=== Data provided ===
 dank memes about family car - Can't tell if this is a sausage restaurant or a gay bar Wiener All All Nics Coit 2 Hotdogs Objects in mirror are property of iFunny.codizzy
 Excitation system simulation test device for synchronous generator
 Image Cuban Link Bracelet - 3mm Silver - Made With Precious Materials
==
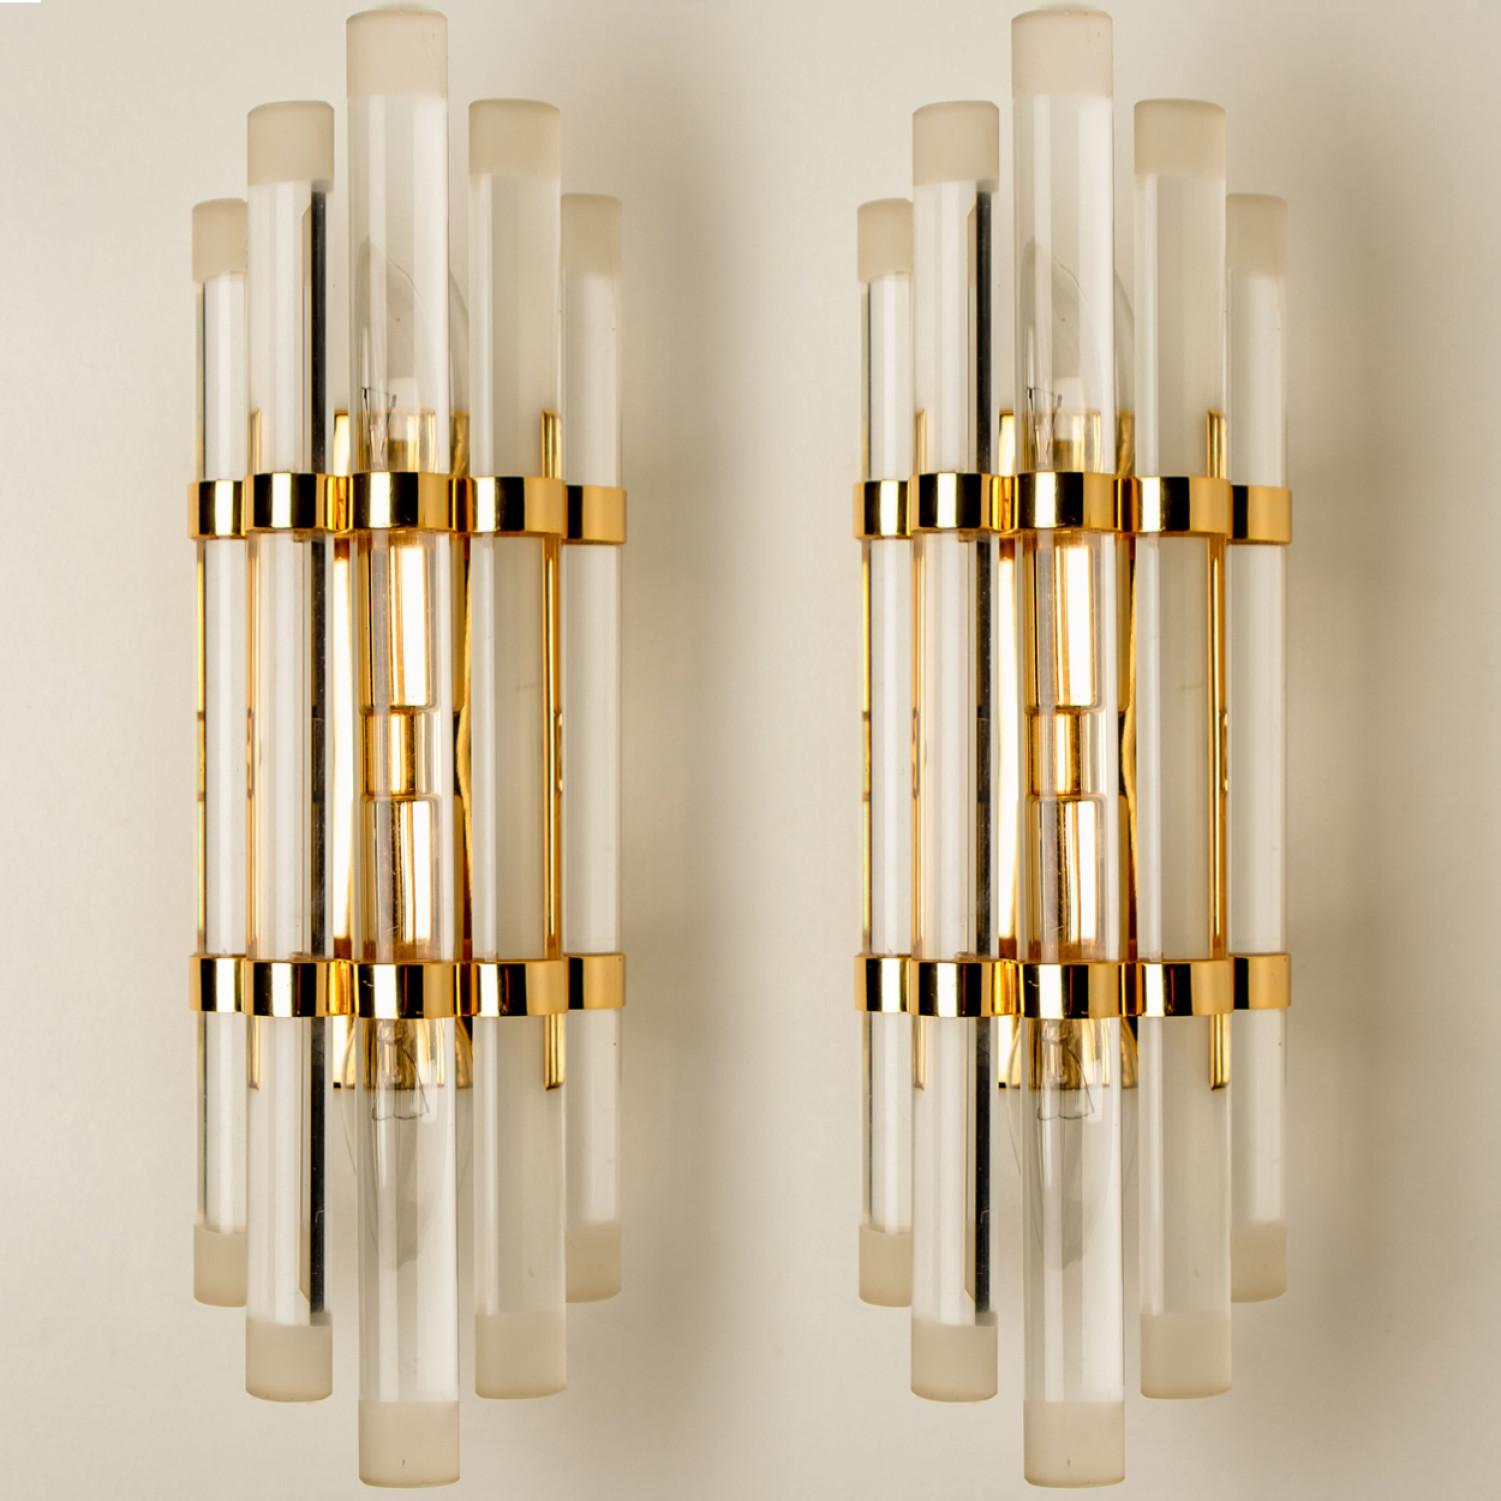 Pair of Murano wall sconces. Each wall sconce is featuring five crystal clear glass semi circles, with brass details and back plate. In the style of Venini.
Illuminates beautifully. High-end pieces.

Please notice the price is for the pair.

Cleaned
---
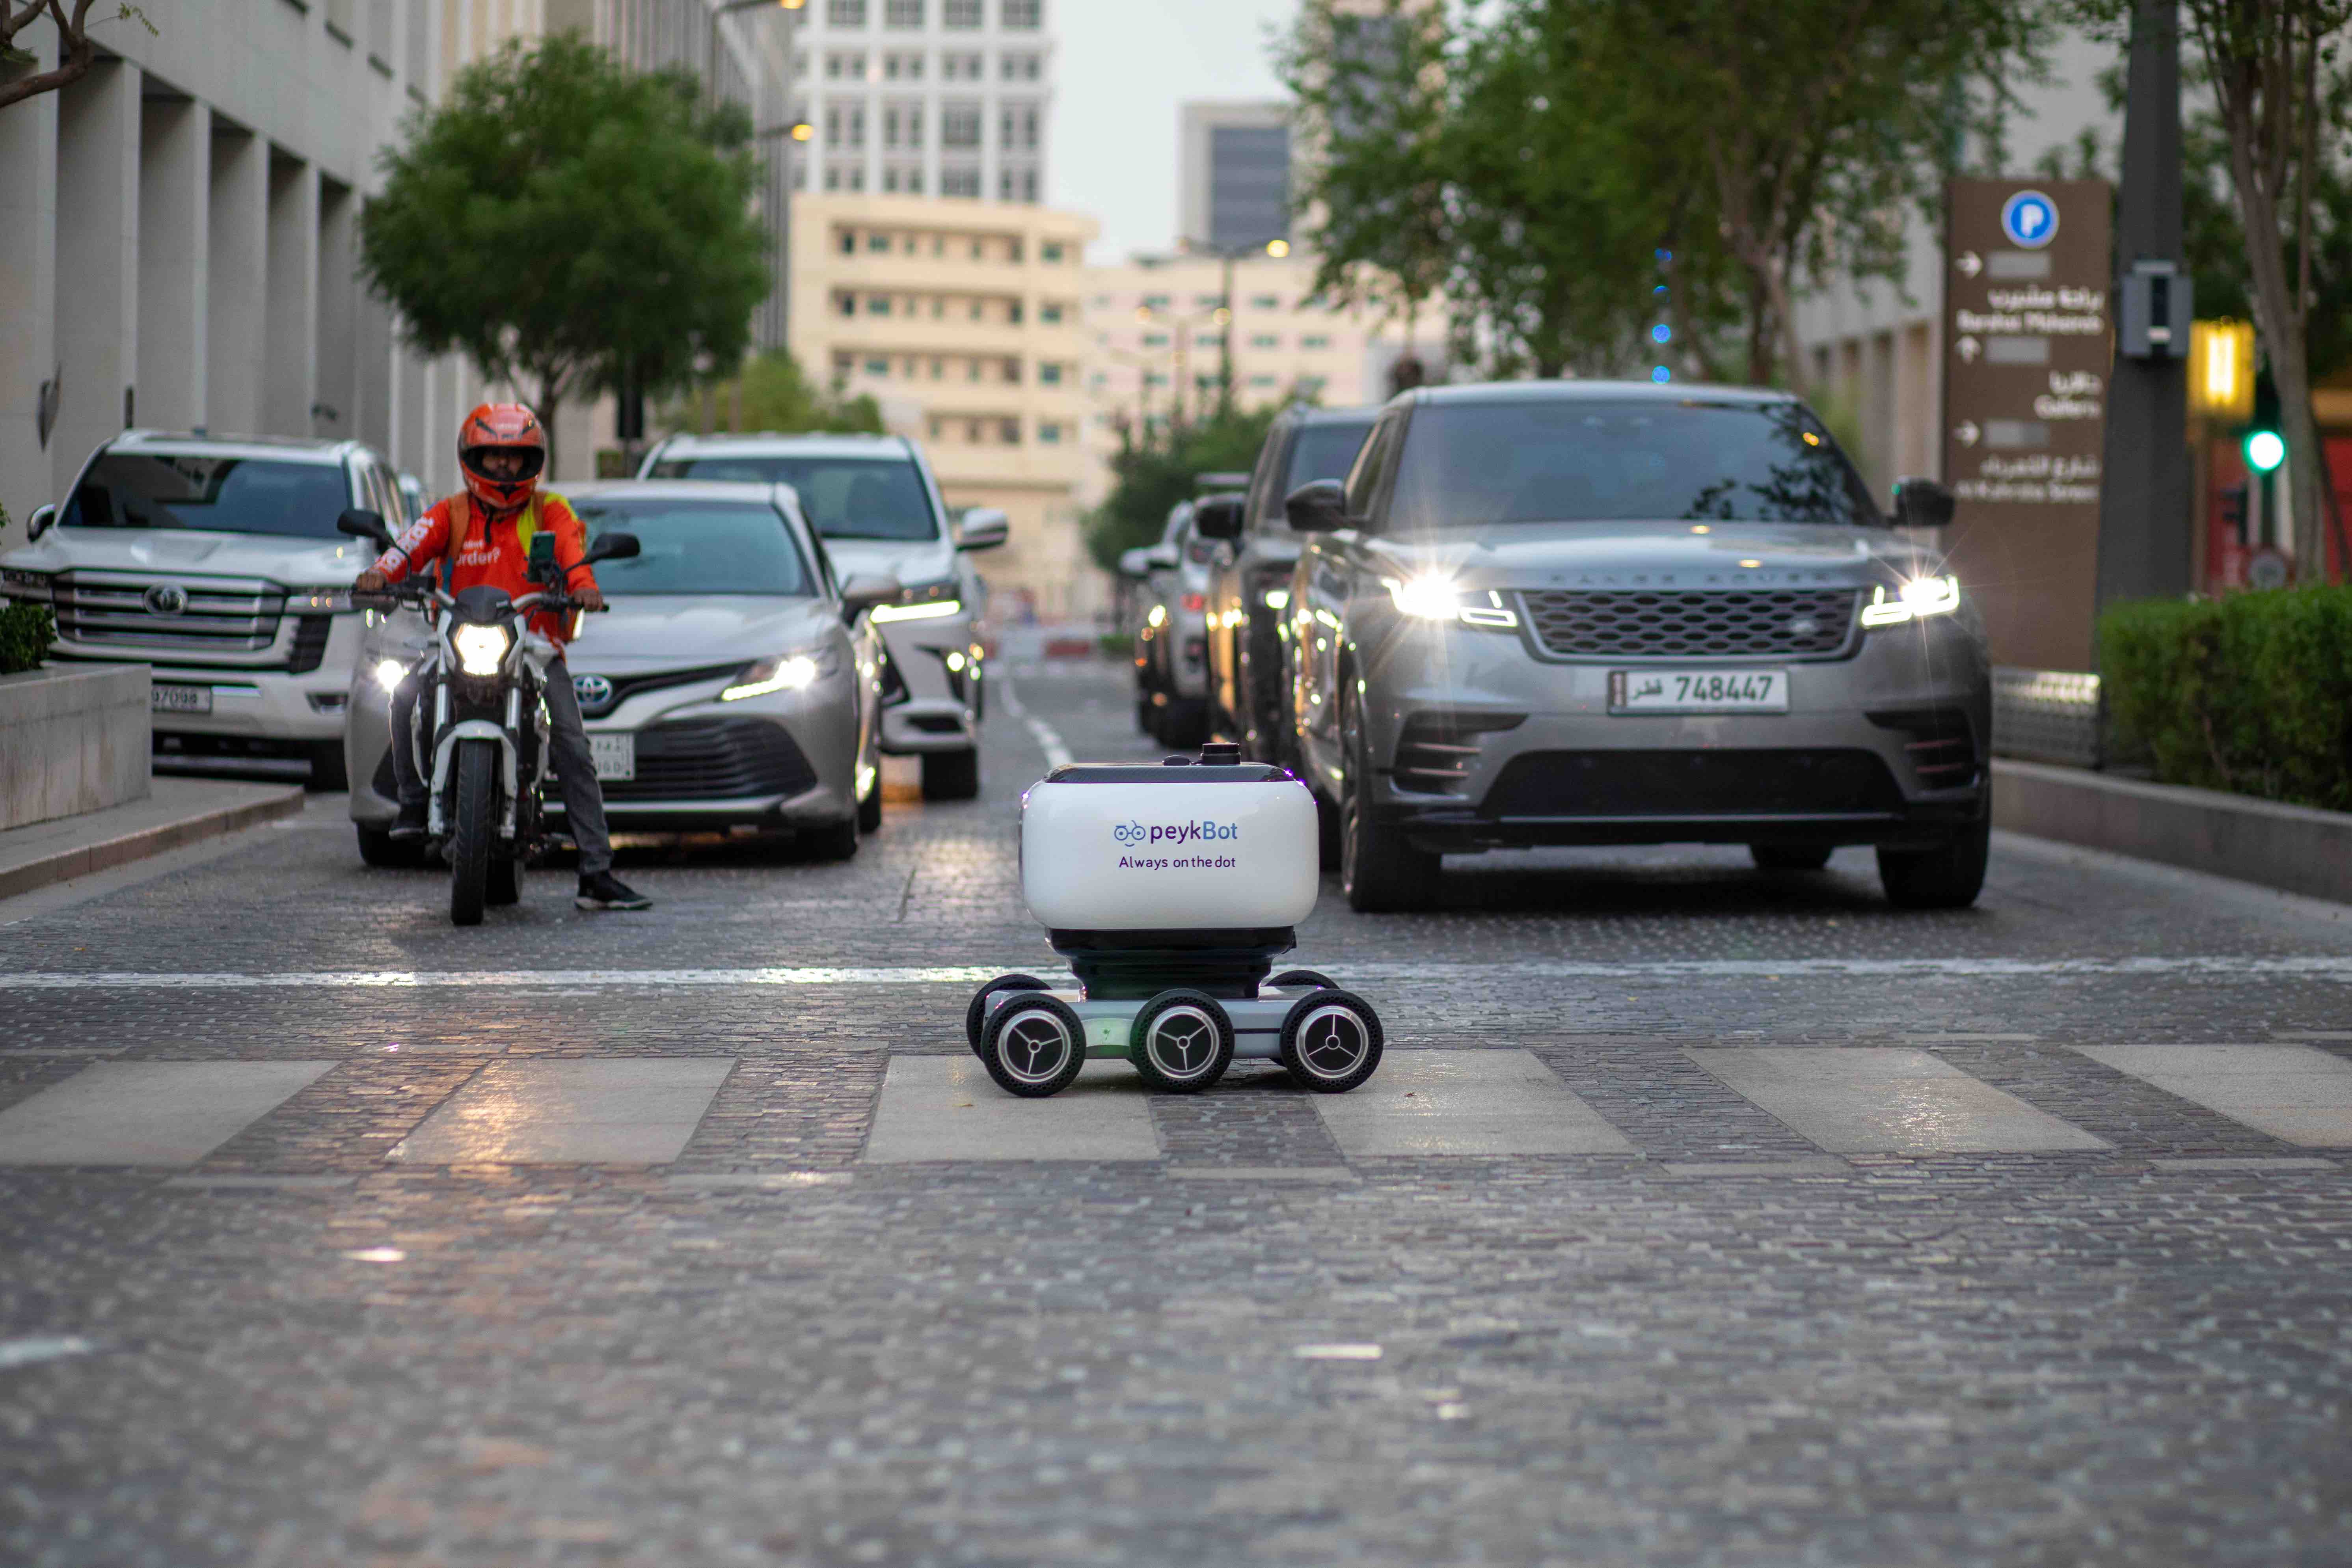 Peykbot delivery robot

=== Work to be completed ===
Output only an exact transcription of the lines above from the one with "dank memes about" up to and including the one with "Image Cuban Link".

=== Answer for this exercise ===
 dank memes about family car - Can't tell if this is a sausage restaurant or a gay bar Wiener All All Nics Coit 2 Hotdogs Objects in mirror are property of iFunny.codizzy
 Excitation system simulation test device for synchronous generator
 Image Cuban Link Bracelet - 3mm Silver - Made With Precious Materials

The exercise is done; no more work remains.